If desired the cigar can be modified so the end operation is either a soft-clip or a match, this makes the alignment cigar resemble those produced by bwa, for example:

pattern = "AAAAACCTTTTTAAAAAA"
text = "GGCCAAAAACCAAAAAA"
a = WavefrontAligner(pattern)

res = a(text, clip_cigar=False)
print(cigartuples_to_str(res.cigartuples))
>>> 4I7M5D6M

res(text, clip_cigar=True)
print(cigartuples_to_str(res.cigartuples))
>>> 4S7M5D6M

An experimental feature is to trim short matches at the end of alignments.
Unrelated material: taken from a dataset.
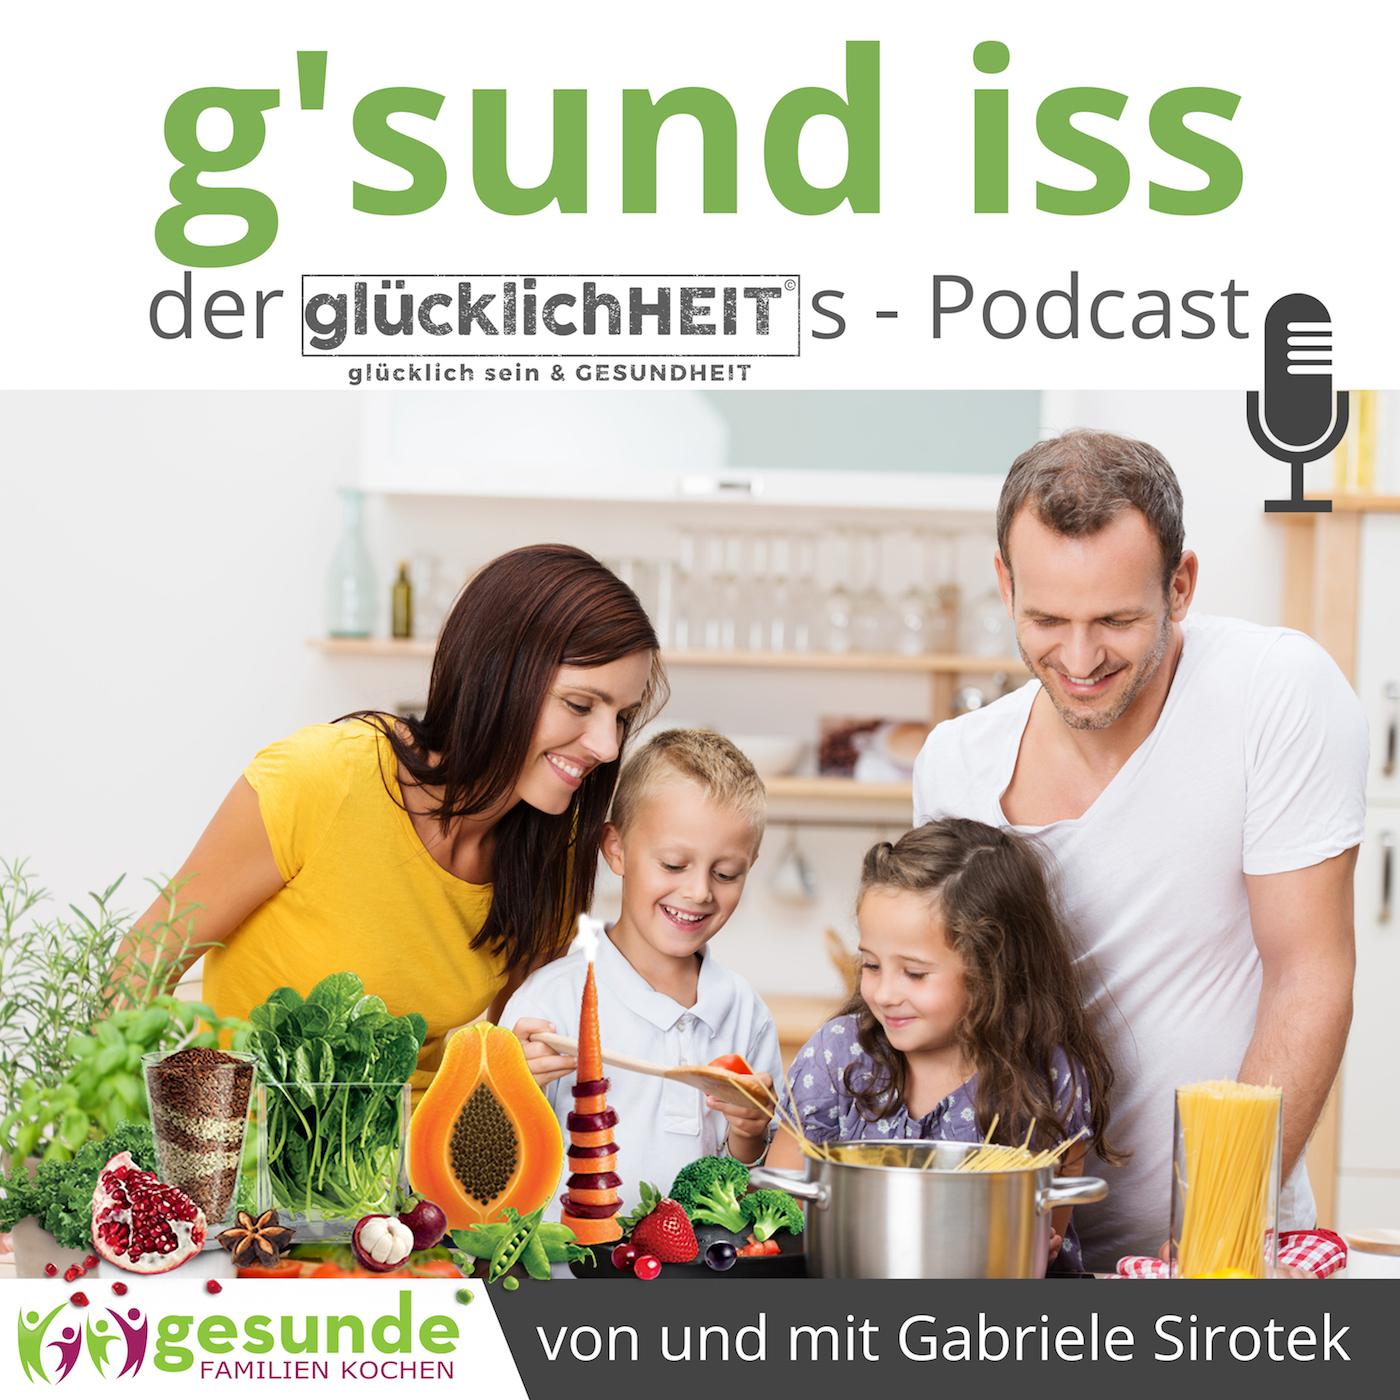 g'sund iss podcast von und mit Gabriele Sirotek show art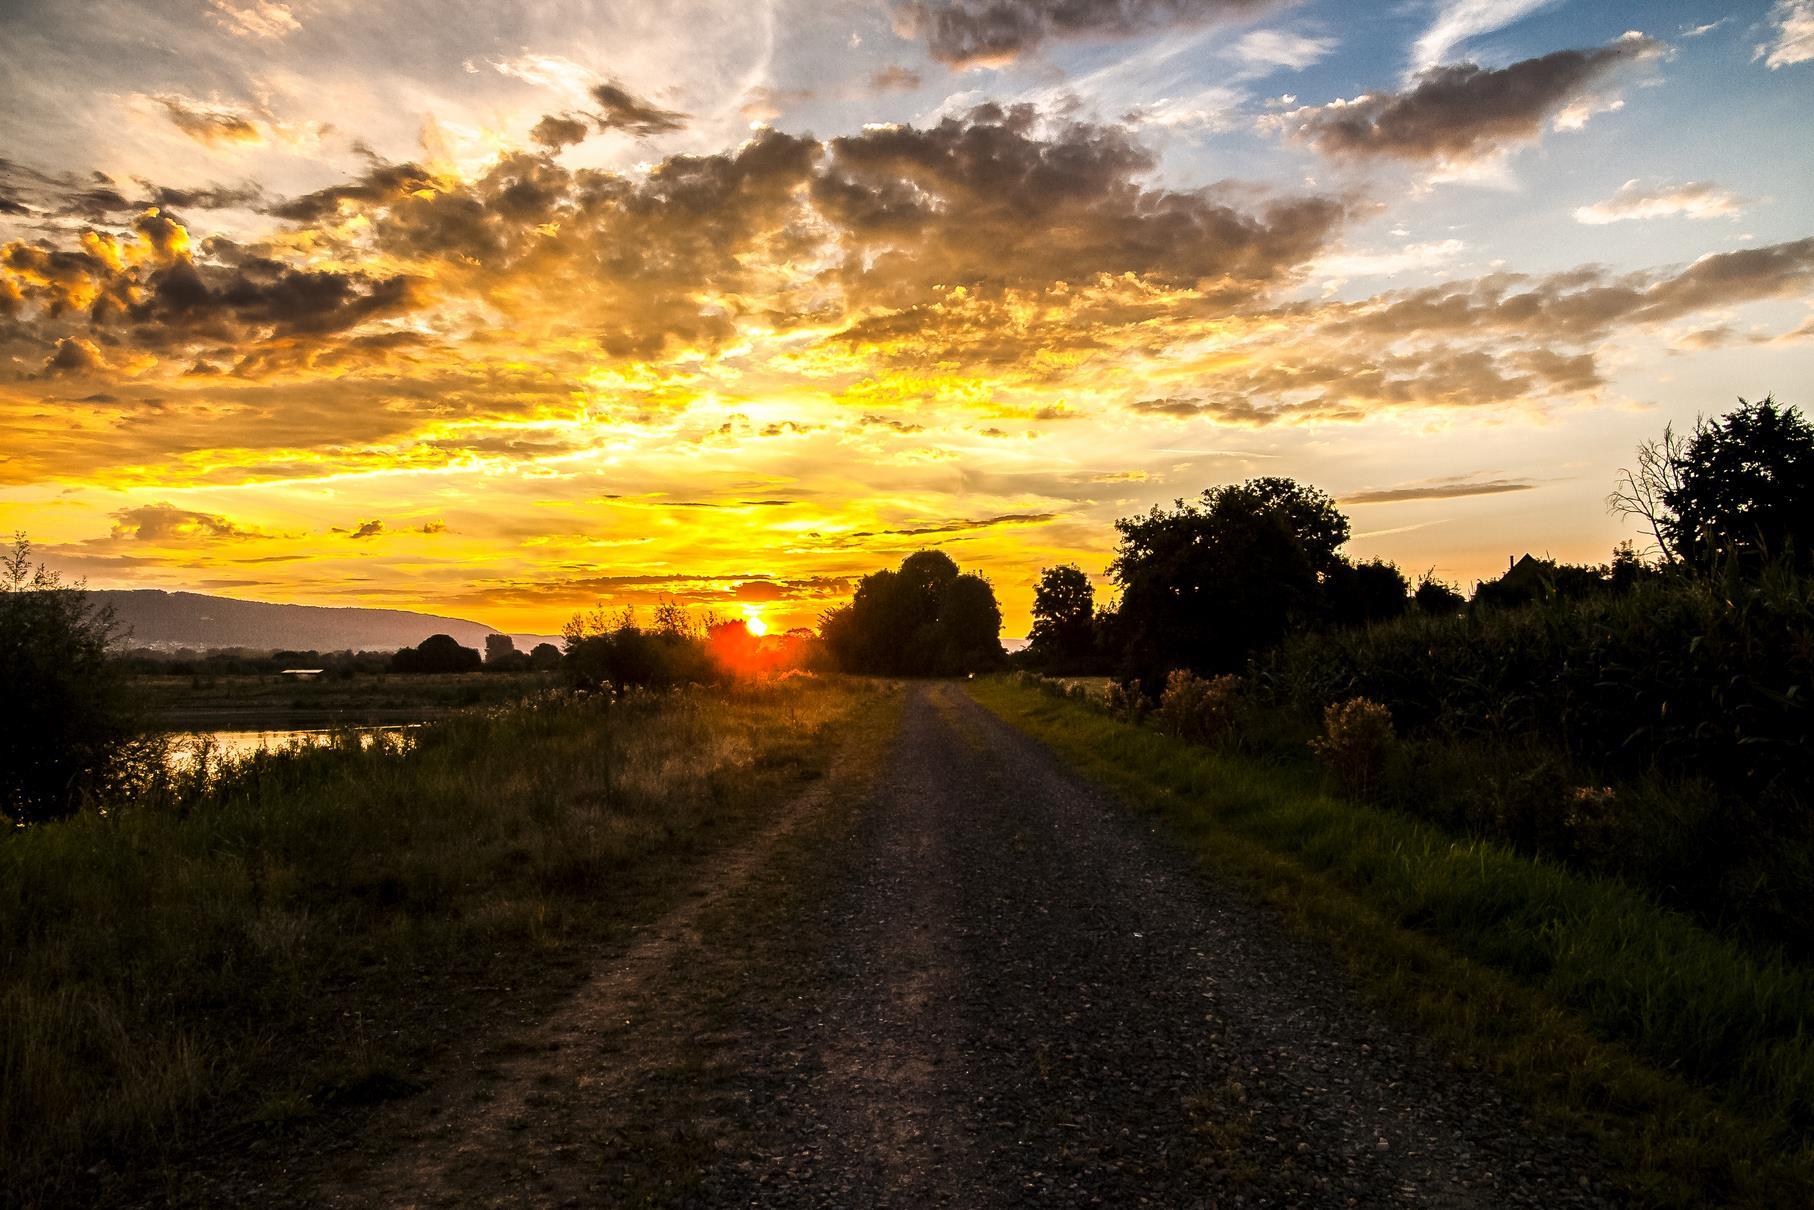 Der Weg vom Schotterparkplatz in die Auenlandschaft beim Sonnenaufgang.

This results in alignments that approximate local alignments:

pattern = "AAAAAAAAAAAACCTTTTAAAAAAGAAAAAAA"
text = "ACCCCCCCCCCCAAAAACCAAAAAAAAAAAAA"
a = WavefrontAligner(pattern)

# The unmodified cigar may have short matches at the end:
res = a(text, clip_cigar=False)
res.cigartuples
>>> [(0, 1), (1, 5), (8, 6), (0, 7), (2, 5), (0, 5), (8, 1), (0, 7)]
res.aligned_text
>>> ACCCCCCCCCCCAAAAACCAAAAAAAAAAAAA
res.text_start, res.text_end
>>> 0, 32

# The minimum allowed block of matches can be set at e.g. 5 bp, which will trim off short matches
res = a(text, clip_cigar=True, min_aligned_bases_left=5, min_aligned_bases_right=5)
res.cigartuples
>>> [(4, 12), (0, 7), (2, 5), (0, 5), (8, 1), (0, 7)]
res.aligned_text
>>> AAAAACCAAAAAAAAAAAAA
res.text_start, res.text_end
>>> 12, 32

# Mismatch operations X can also be elided, note this occurs after the clip_cigar stage
res = a(text, clip_cigar=True, min_aligned_bases_left=5, min_aligned_bases_right=5, elide_mismatches=True)
res.cigartuples
>>> [(4, 12), (0, 7), (2, 5), (0, 13)]
res.aligned_text
>>> AAAAACCAAAAAAAAAAAAA

Notes: The alignment score is not modified currently by trimming the cigar, however the pattern_start, pattern_end, test_start and text_end are modified when the cigar is modified.